Observation properties
Cardinality restrictions on oml:Observation shown in Fig. 5 reflect the expectation that six core properties characterize an observation: featureOfInterest, observedProperty, procedure, phenomenonTime, resultTime and result. (Note that these cardinality constraints strictly confine users to the OWL 2 DL language profile, as the less expressive profiles OWL 2 RL, QL and EL do not permit these restrictions [41].)
The key properties from om-lite are represented as shown in Table 1. The oml:resultTime property captures the time when the result became available. This is usually approximately contemporaneous, and usefully tied to the conventional clock and calendar, so the data-type used is xsd:dateTime. On the other hand, the oml:phenomenonTime property provides the time the result applies to the observed-property in the world. Its range is the more general oml:TemporalObject, since observations may estimate the value of a property at a wider range of times than is supported by the dateTime datatype. (Note that OWL-Time [17] is also not sufficient, for reasons explained in [13].) There is no global restriction on the range of oml:featureOfInterest or oml:observedProperty, since a generic model must accommodate observations of any property characterizing a feature or object from any application domain. Likewise, the range of oml:result is not specified for the generic observation class, since property values may have many types and may be characterized in many different ways. Nevertheless, a subset of the specialized O&M observation classes is implemented using local restrictions on the type of oml:result, including oml:Measurement, oml:TruthObservation, etc.

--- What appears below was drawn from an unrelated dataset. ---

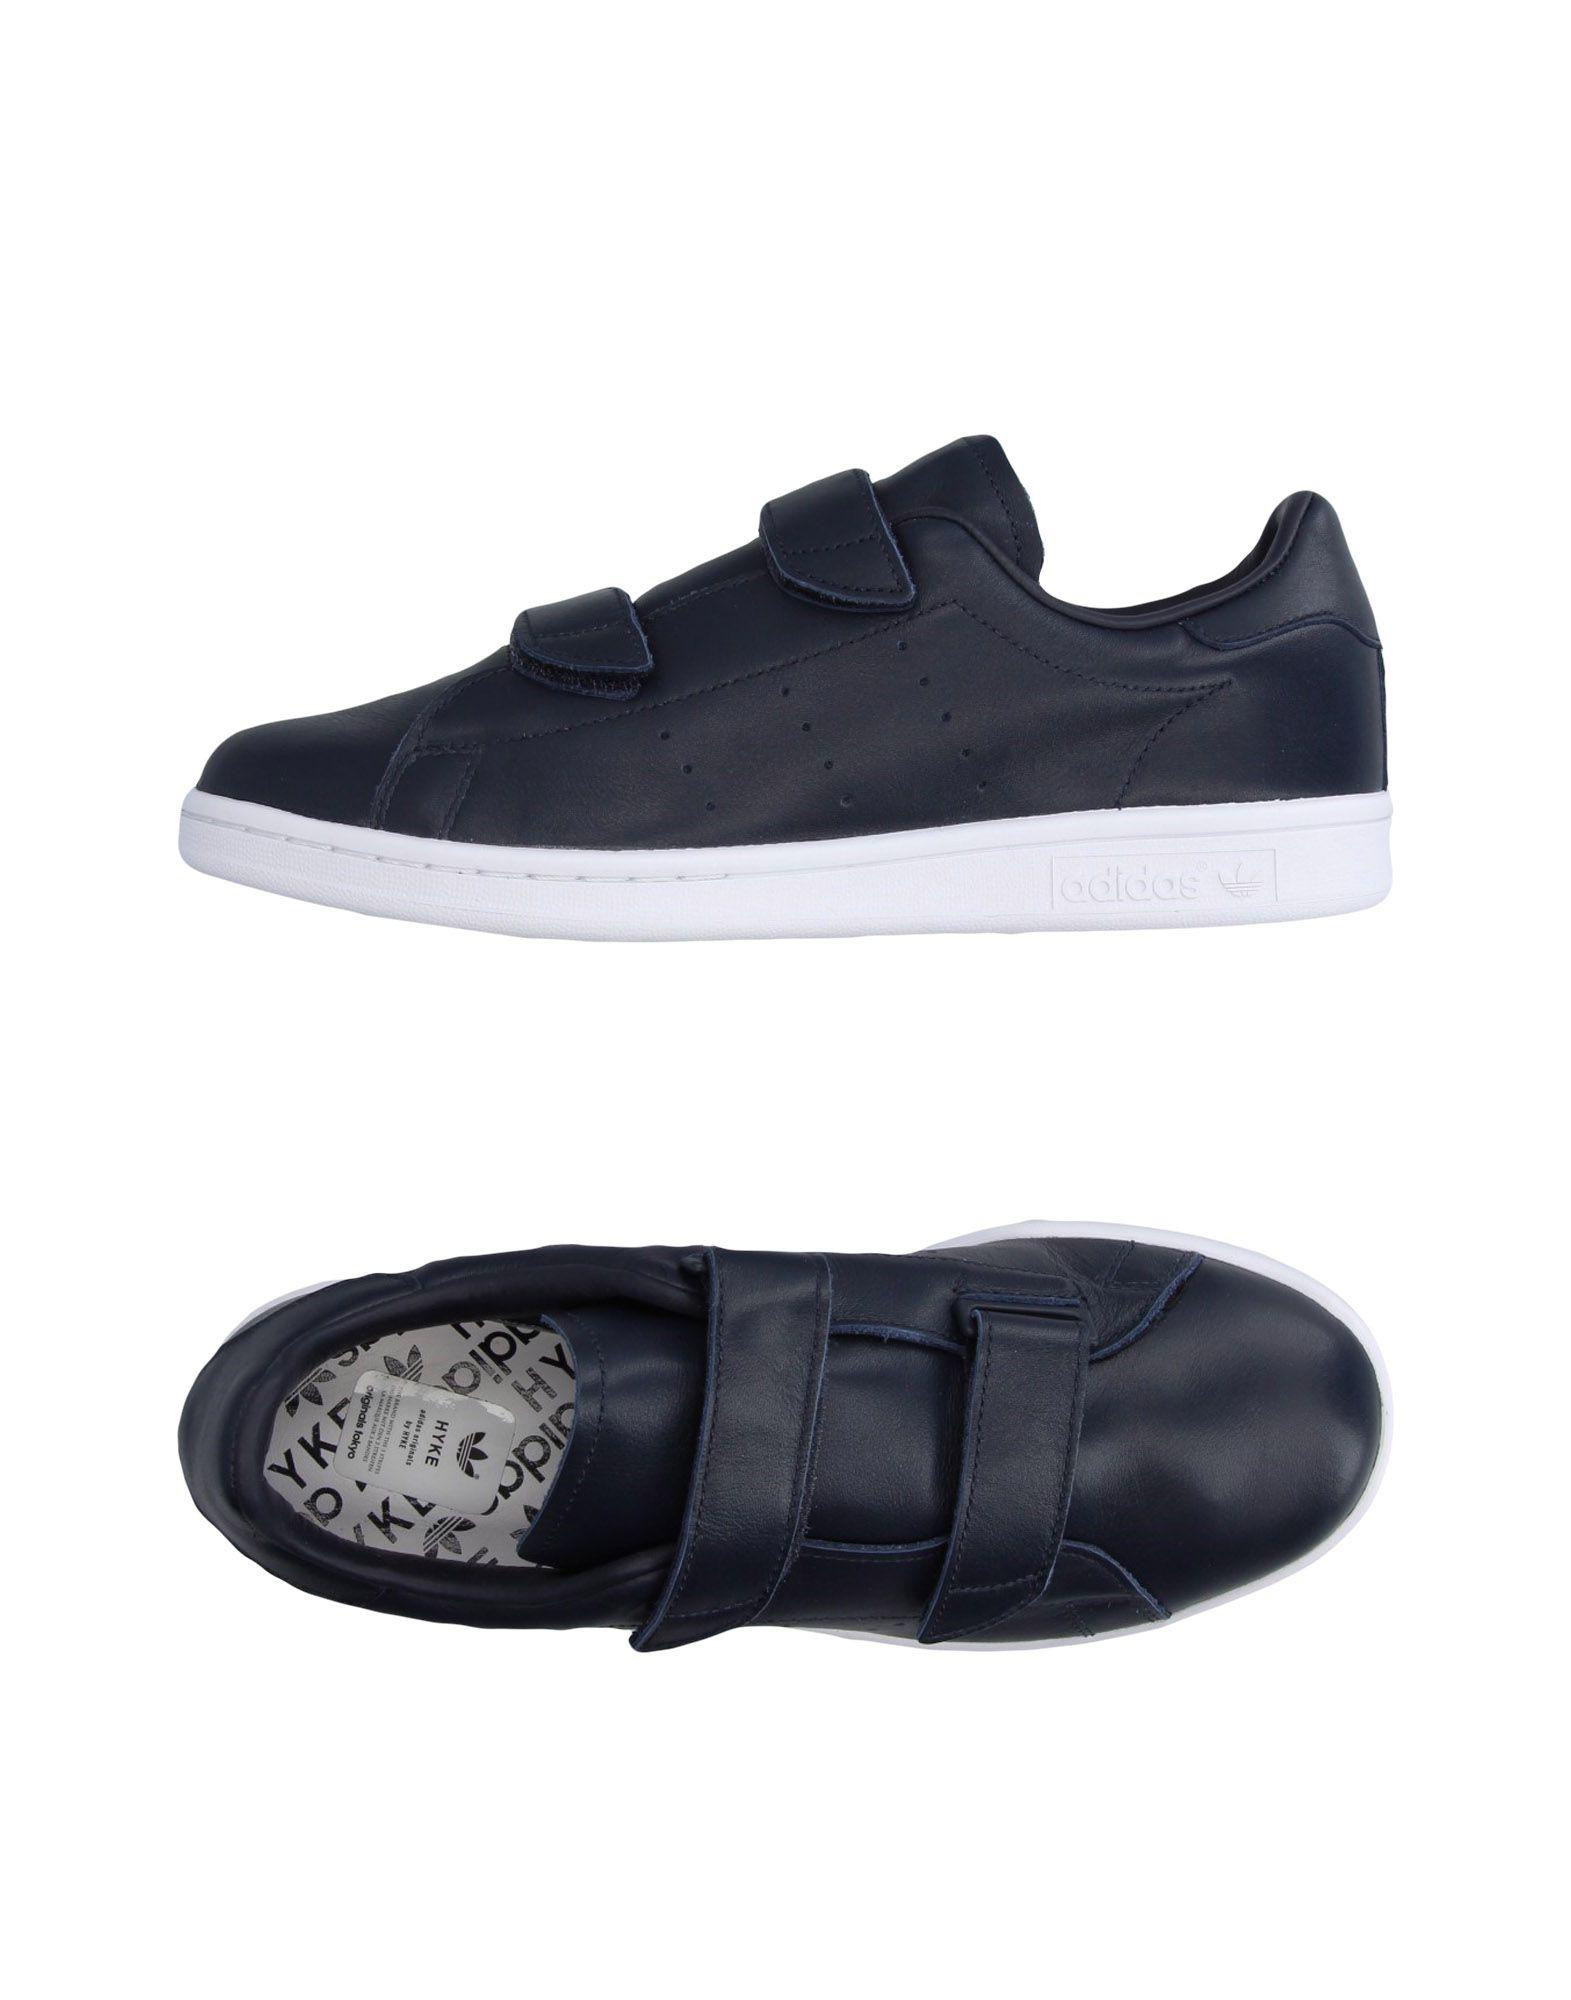 Adidas Originals By Hyke Sneakers Sneakers Sneakers Herren  11217062WN Heiße Schuhe 19e607

Sampling feature properties
Om-lite includes one significant change from the O&M conceptual model shown in Fig. 3. In the original model, a SamplingFeature could substitute for the feature-of-interest, with the ultimate feature-of-interest available via the sampledFeature property. An informal constraint that the observed-property was commensurate with the type of the feature-of-interest required some slippery logic to satisfy. In the OWL interpretation we clarify the semantics by separating the (optional) sampling-strategy from the (mandatory) feature-of-interest, and the latter is always the ‘ultimate’ feature-of-interest associated with the observed-property.
The ontology for sampling features, known as “sam-lite” (namespace prefix “samfl:”) includes all the classes from the O&M Sampling Features model (Fig. 6). Table 2 describes the representation in sam-lite of the key properties from O&M sampling features.
A cardinality restriction on samfl:SamplingFeature reflects the expectation that at least one samfl:sampledFeature property will be present, whose value indicates the intention of the sampling feature. No local or global restriction on the range of samfl:sampledFeature is provided, since a generic model must accommodate sampling any feature or object.
Sampling of a feature of interest is frequently achieved using a spatially-defined subset. This is represented by the subclass samfl:SpatialSamplingFeature, which has a functional property samfl:shape, whose range is samfl:GeometryObject. Specific subclasses restrict the type of samfl:shape, corresponding to common practice particularly in earth and environmental sciences, following the taxonomy described in O&M [9,29], which was influenced by Climate Science Modeling Language [47].
samfl:GeometryObject and its specializations are stub classes. A user can select any suitable vocabulary that implements these classes, such as GeoSPARQL [43] or W3C Basic Geo [3]. Furthermore, although samfl:GeometryObject is equivalent to oml:GeometryObject we did not introduce a direct dependency on om-lite in the core sam-lite vocabulary, as there will be applications that only use sampling features.
Specimens are physical samples retrieved from their natural environment and used (typically) in laboratory observations. This is represented by a subclass samfl:Specimen. Required properties are samfl:sampledFeature (from samfl:SamplingFeature) and samfl:samplingTime, whose value indicates when the specimen was retrieved from the sampled feature. Some additional convenience properties are provided (Table 2).
A critical aspect of specimen description is the record of their preparation and lineage. In the O&M model this was implemented using an association class “PreparationStep”. However, this approach was not fully satisfactory, particularly as the preparation step is not easily linked to an explicit predecessor specimen. In practice there is a very wide range of specimen preparation and provenance paths, so rather than trying to develop a new generic model we leverage PROV [36], which provides general patterns for description of relationships between activities, parties and related entities. We make samfl:Specimen a subclass of prov:Entity, thus accommodating the requirements of the O&M PreparationStep class as well as enabling relationships with predecessor specimens to be recorded.
Examples
We present a number of dataset examples serialized in Turtle [1]. For these examples the following additional axioms were introduced to allow concrete representations of time and space from existing W3C vocabularies [3,17] to be used as the value of properties whose range is one of the stub classes:
Observations
Listing 1 shows a measurement of the weight of a piece of fruit. This corresponds to the first example in Section 5.1 of OMU [11].2 URIs in the ‘example.org’ domain or subdomains are illustrative only, and are not dereferenceable. Abbreviated URIs with the ‘my:’ prefix are local examples only. A simple measurement example.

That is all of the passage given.